The Power of Story


Since the beginning of time stories have had to the power to transport us to a different time and place. Great stories are compelling because they share an inner truth that resonates with us on an emotional level or reinforces a personal belief or value. That connection has the unique ability to insert us into the story.
 
Movies are just one example of powerful storytelling. It's why we laugh, cry, cover our eyes during an intense scene, or yell at the TV when one of our values is violated. If you think about it, much of our everyday communications are in the form of a story: blogs, newspaper articles, reality shows, and even a casual conversation with a friend over coffee.
 
In its simplest form, a story contains three most basic elements. It is a character who must overcome an obstacle to reach a goal. The same elements apply when building a business story.

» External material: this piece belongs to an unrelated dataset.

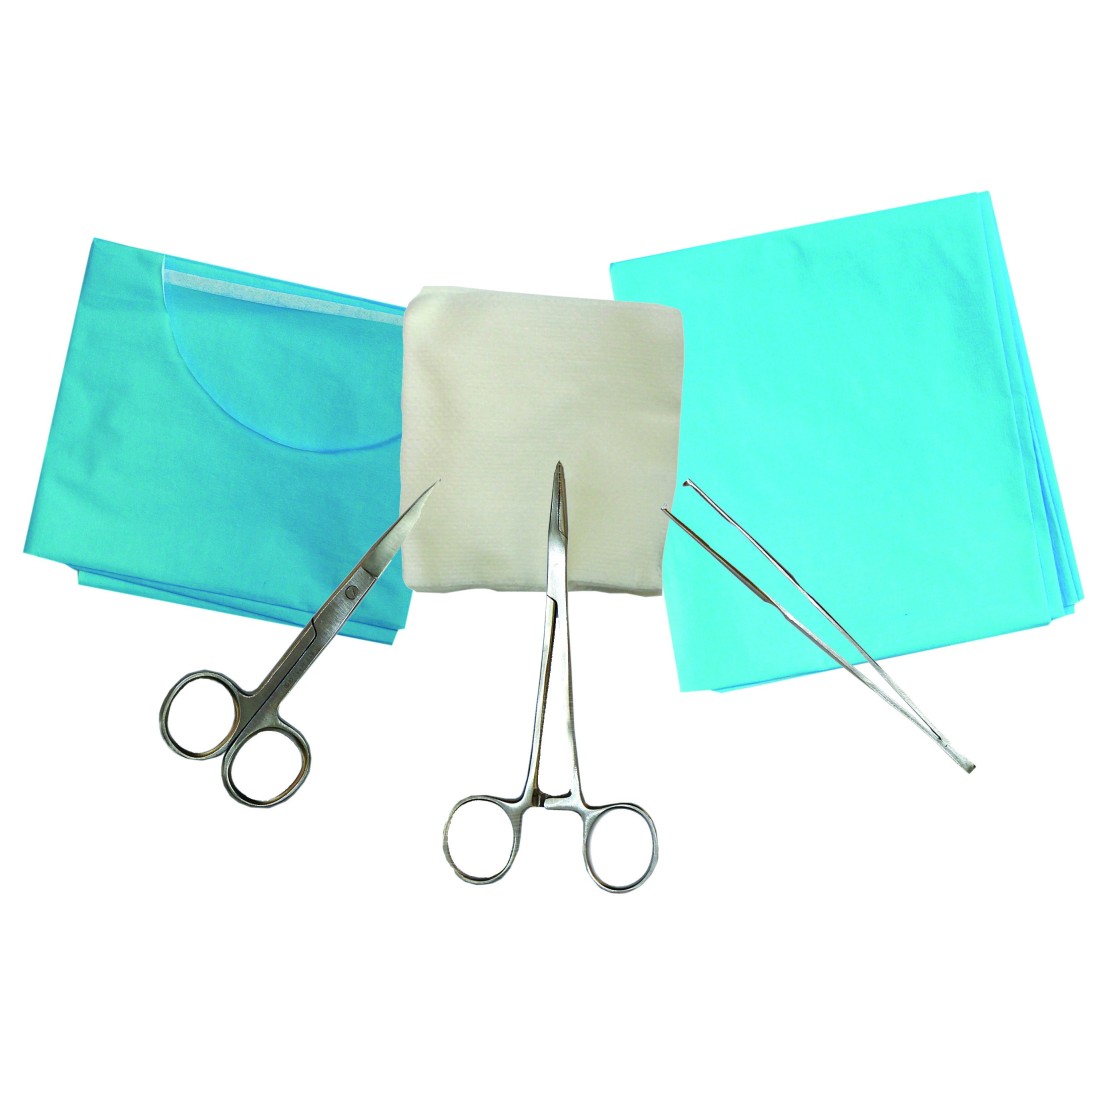 Trousse de formation aux sutures chirurgicales - Non vendu en magasin
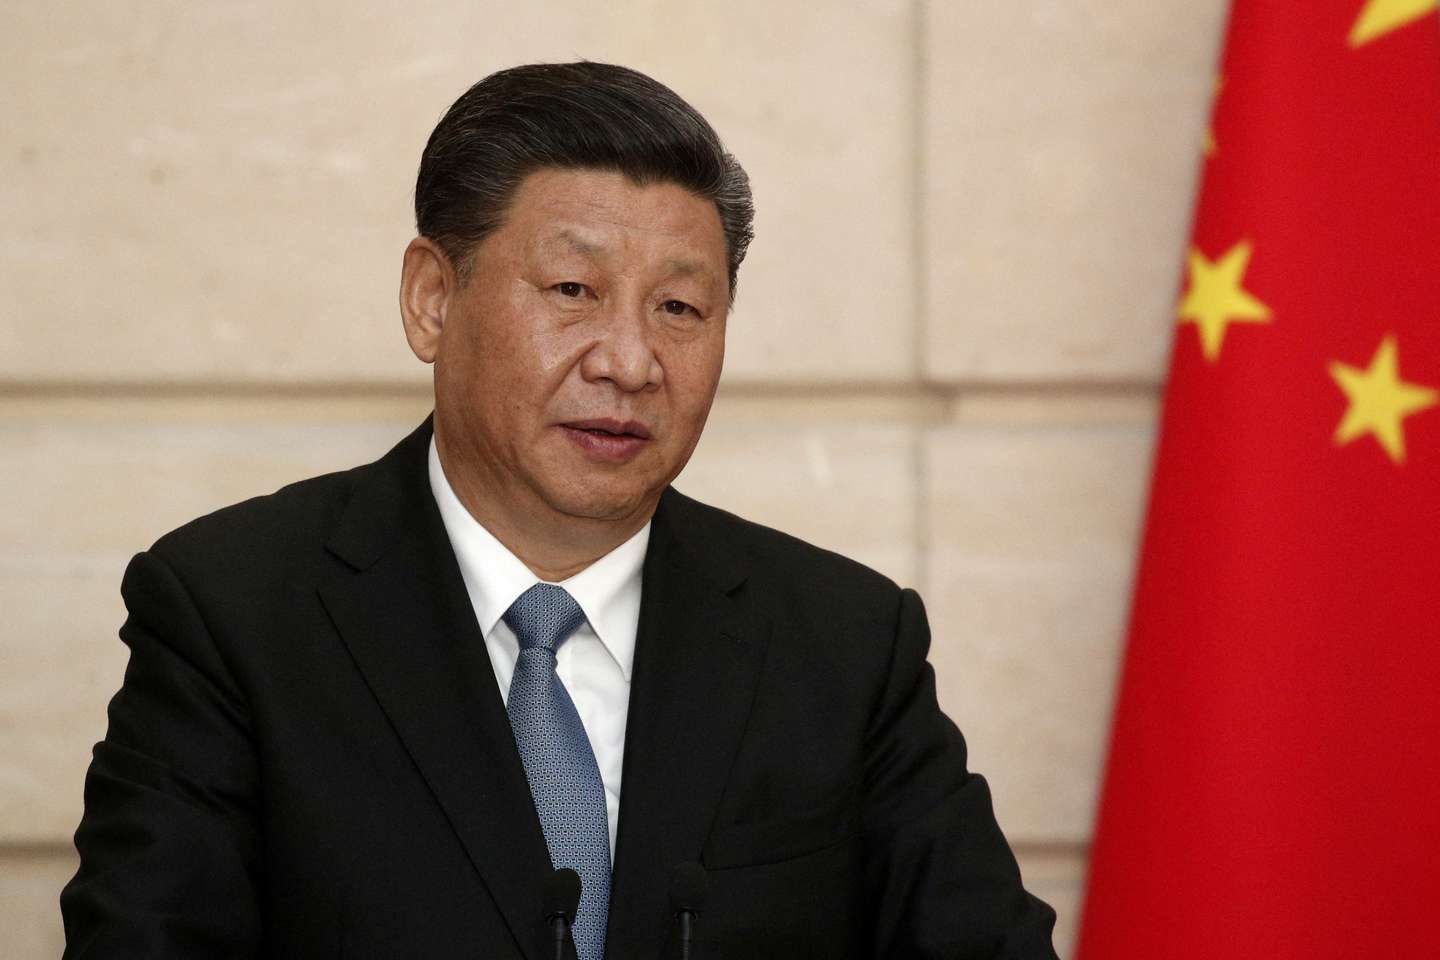 El presidente chino Xi Jinping durante una conferencia en el Palacio del Eliseo, en París. (Foto: Yoan Valat/via REUTERS)

Building a Powerful Brand Story
Let's apply the story format as a brand strategy. A business with a product or service (the character) wants to inform and motivate (the obstacle) consumers to make a purchase and embrace it enough to tell others and to purchase again in the future (the goal). That's pretty straightforward, but creating a powerful and lasting connection between a brand and its market is complex and it is not without great effort and constant oversight. It is as envied as it is elusive.
 
First, let's look at what a brand story is not. The standard marketing strategy focuses on a story like this, "Tom needs a lawn mower to cut his grass, so he went to the store and bought an ACME 27" mulching lawn mower with premium direct drive, ultra mulching blade technology, and electric start. Tom loves how great his lawn looks and it takes less time to cut his lawn than with other lawn mowers. Buy an ACME lawn mower today!" The story does communicate the product, points of difference, and a call to action to buy one, but it's a pretty boring story. It doesn't create a deep connection between the brand and the consumer. In fact, it creates more resistance than resonance, because it focuses on the business and what it offers.
 
Now let's reword it to create a personal connection between the brand and consumers. "To the homeowner who takes pride in a professionally manicured lawn. Who understands the value of reliable lawn equipment that gets the job done quickly and efficiently, so there is more time for what he really enjoys. To the man who considers a well trimmed lawn a reflection of his status in life. Who politely dismisses the compliments he receives from friends and neighbors, but quietly feels a sense of pride every time he pulls into his driveway or on his deck after a long day. ACME lawn mowers don't cut grass; they make lawnscapes." The difference between the two stories is obvious. The first one has no personal connection, the second one puts a consumer into the story by connecting what the brand stands for with what the consumer believes or values.
 
Connections of this type causes consumers to champion a brand. Nike is a great company that sells all types of athletic equipment, but what it sells is completely different from what the brand stands for. Nike sells shoes, golf clubs, clothing and a host of other sports related items, but the Nike brand stands for achievement, perseverance, discipline, and dedication. You can see it in their tagline, "Just Do It.". It resonates on deep level because it's the same thing that little voice in our head says when we're deciding between going to lunch or going to the gym. All relationships are built on shared values; not products.